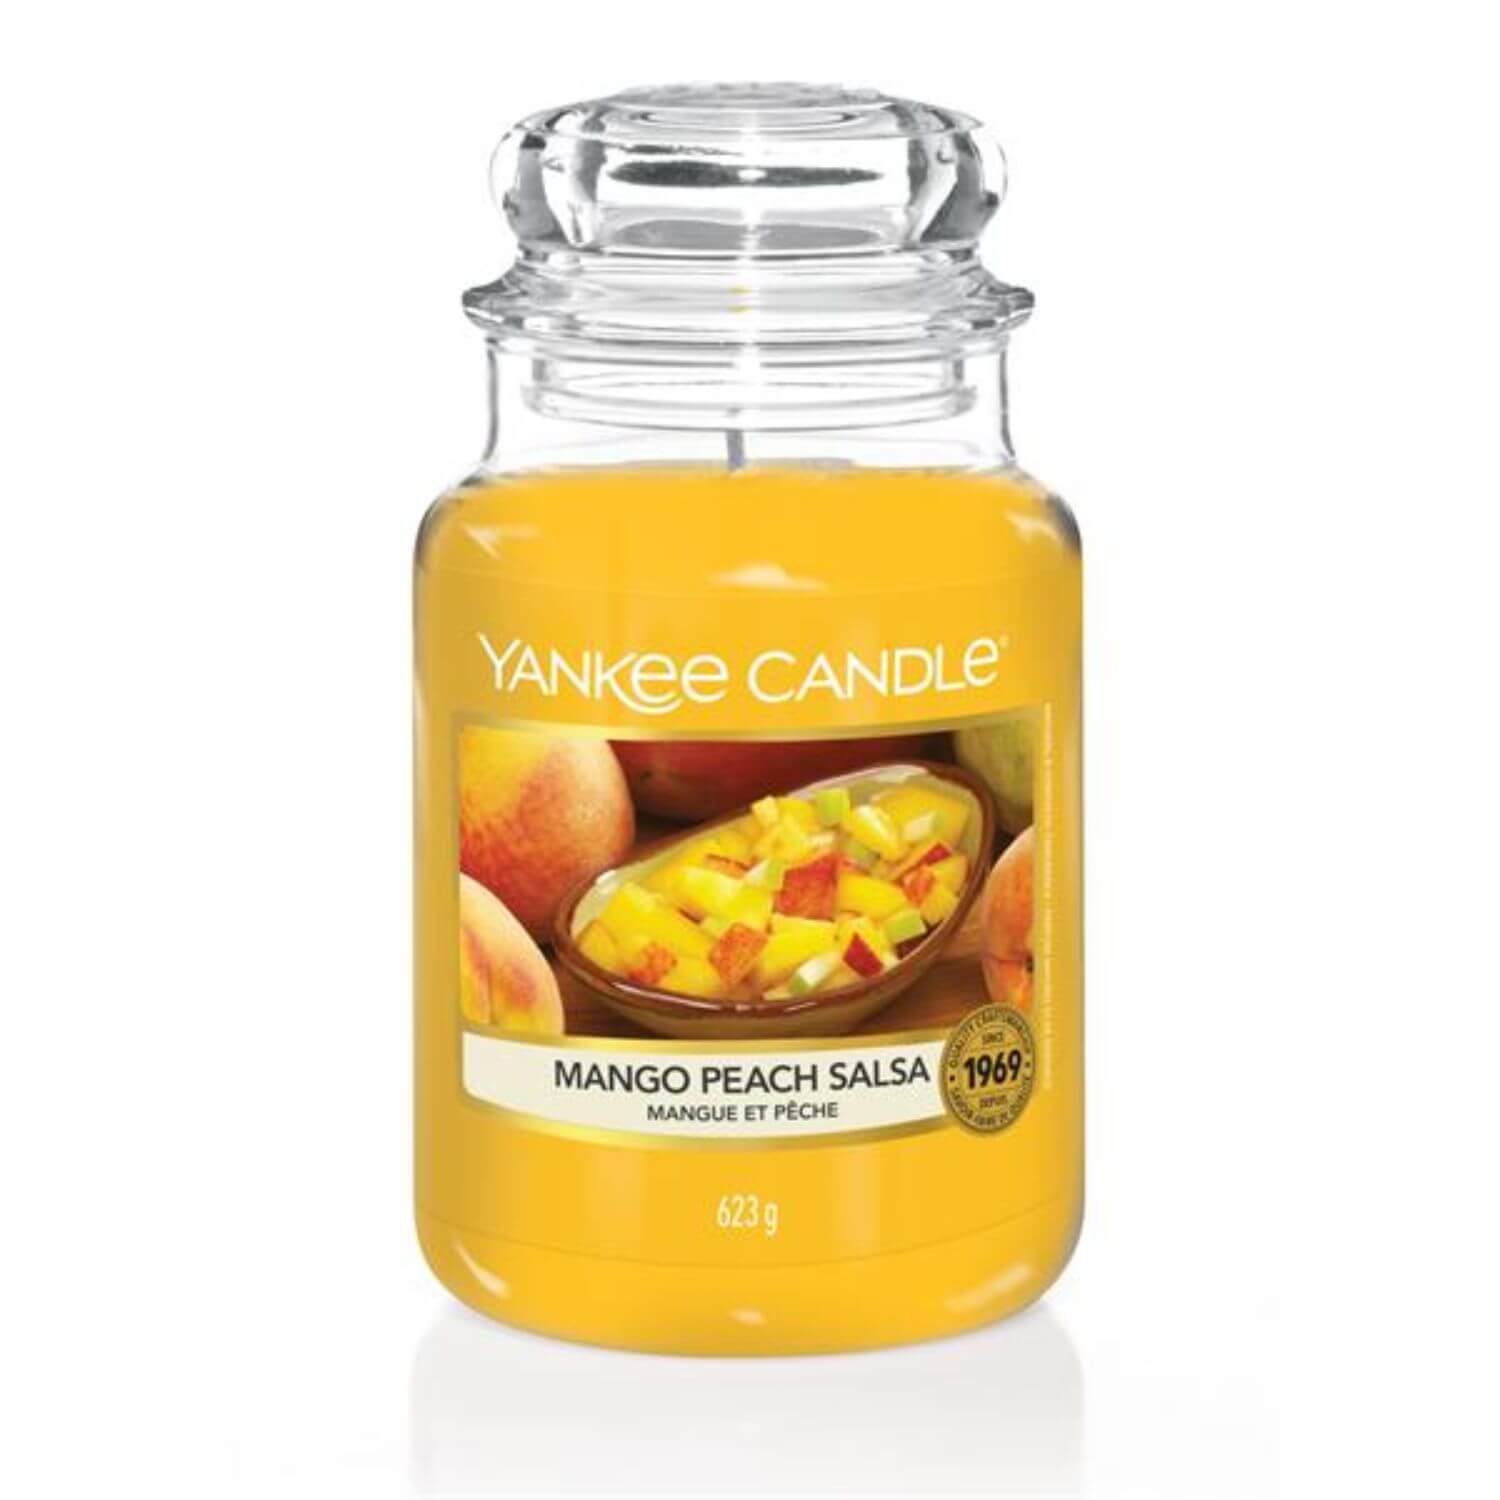 Yankee Candle Mango Peach Salsa Candle Large Jar 1 Shaws Department Stores
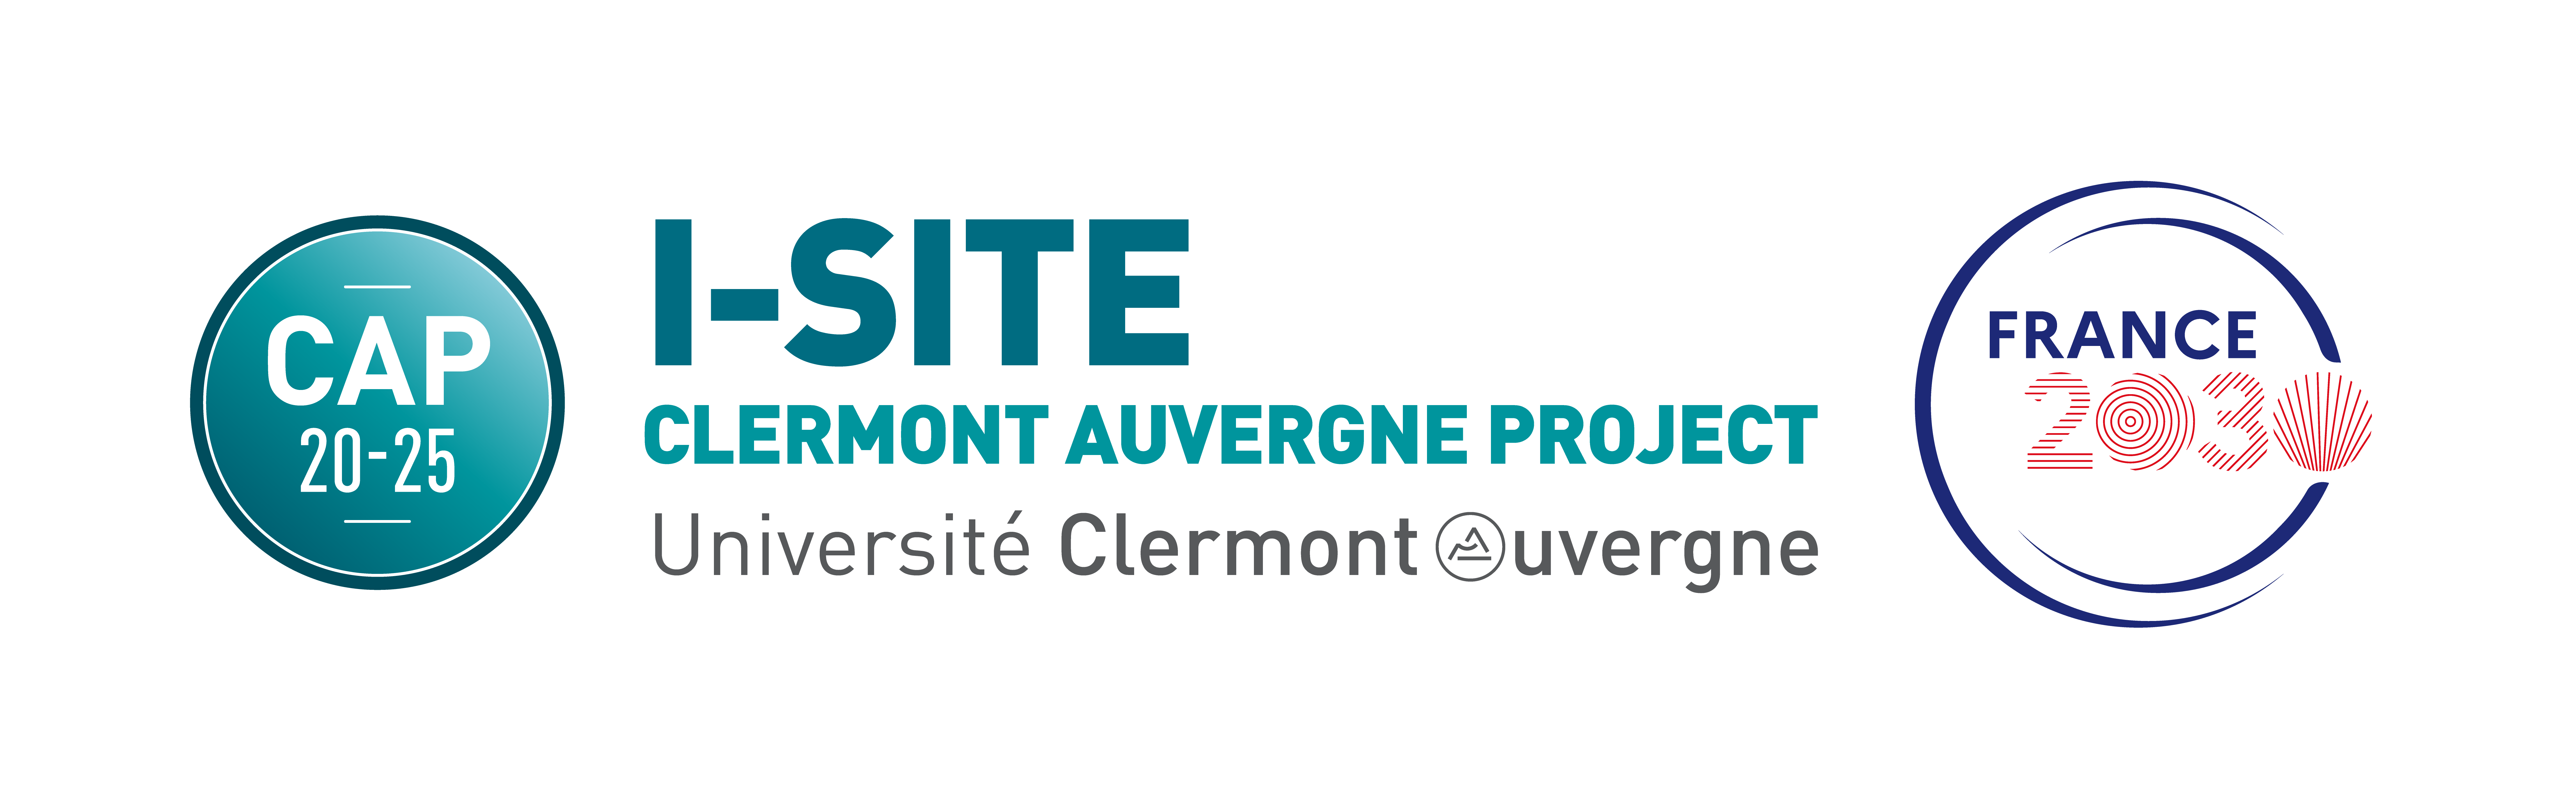 I-SITE Clermont Auvergne Project
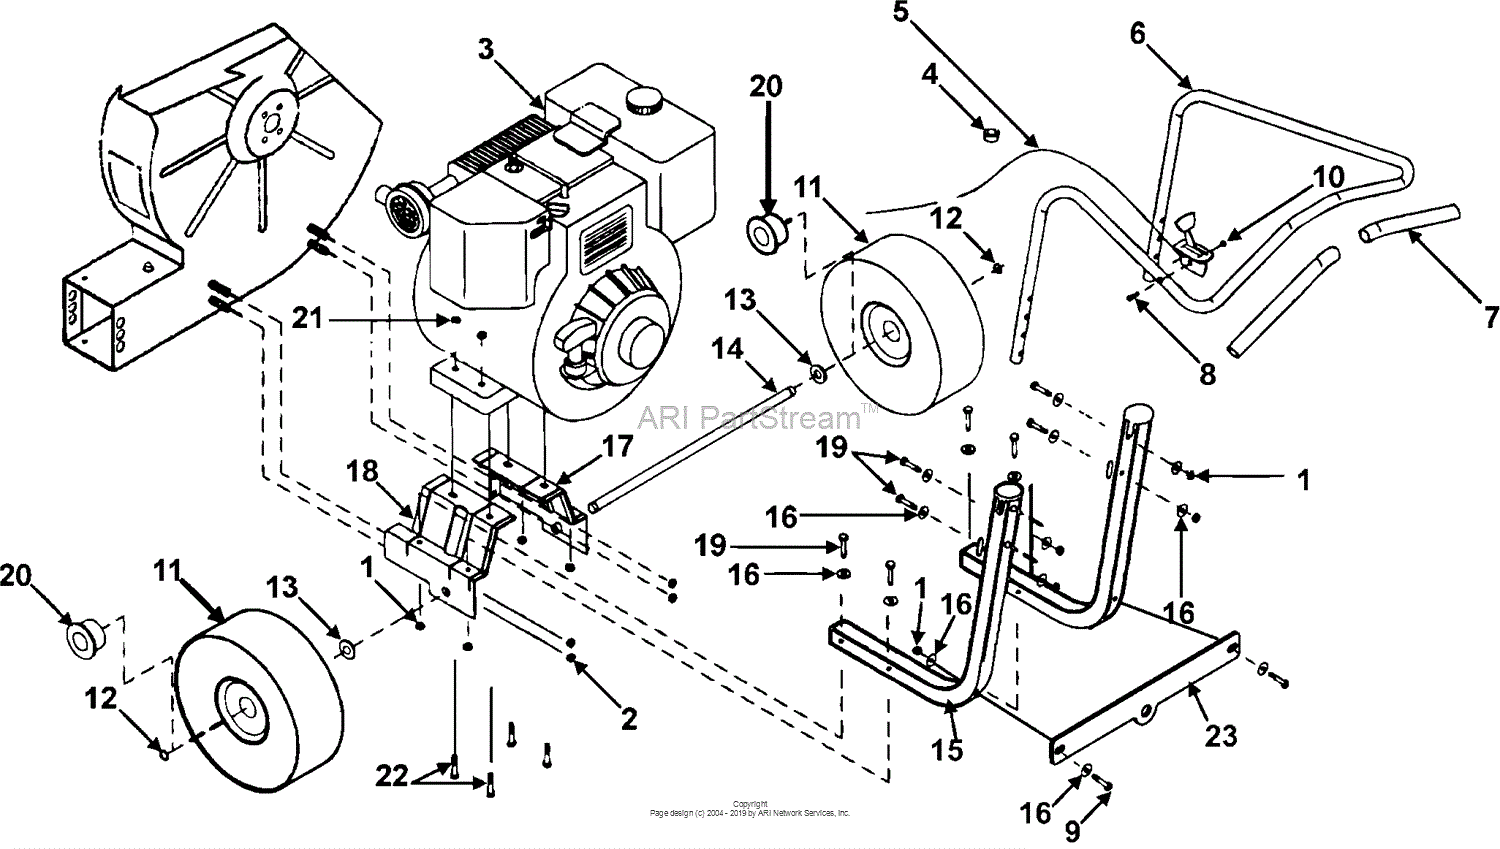 Bunton, Bobcat, Ryan LB1401-00-01 Optimax Blower Parts ... little wonder engine diagrams 
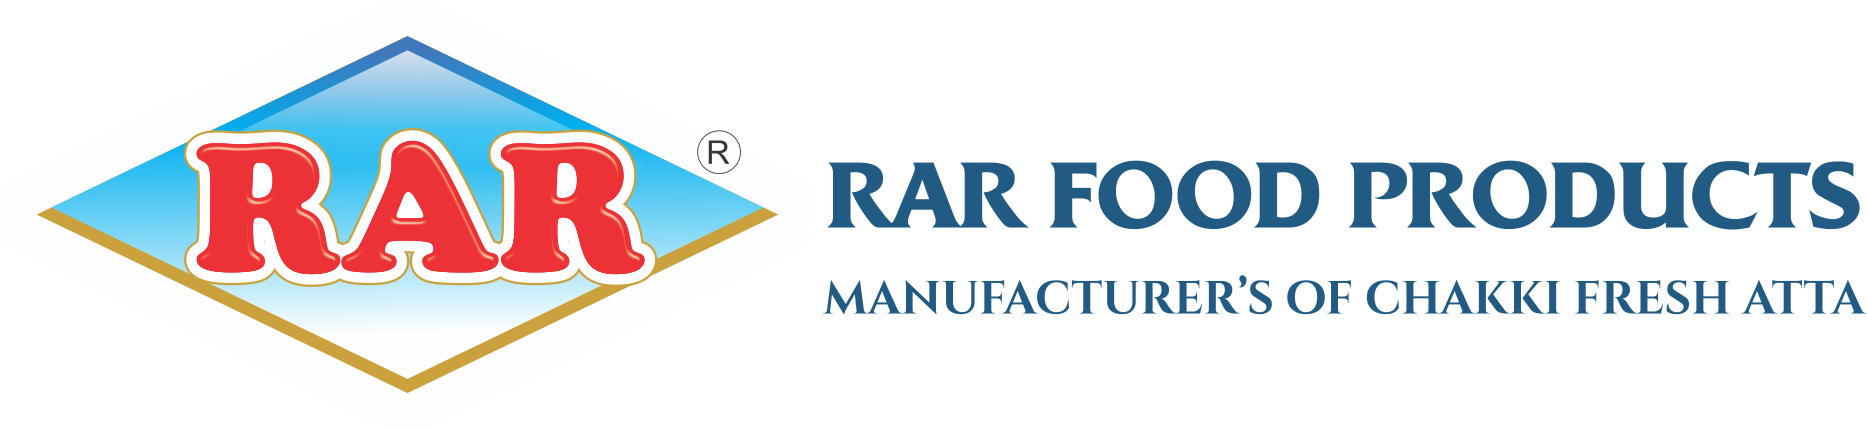 rarfoodproducts.com

+ + +

**What you should do**
Because the copy must hold no pictures, return only the lines that run from the line containing "I-SITE Clermont Auvergne Project" to the end of the data above, each exactly as it stands.

**Output of the exercise**
 I-SITE Clermont Auvergne Project
 Bunton, Bobcat, Ryan LB1401-00-01 Optimax Blower Parts ... little wonder engine diagrams 
 rarfoodproducts.com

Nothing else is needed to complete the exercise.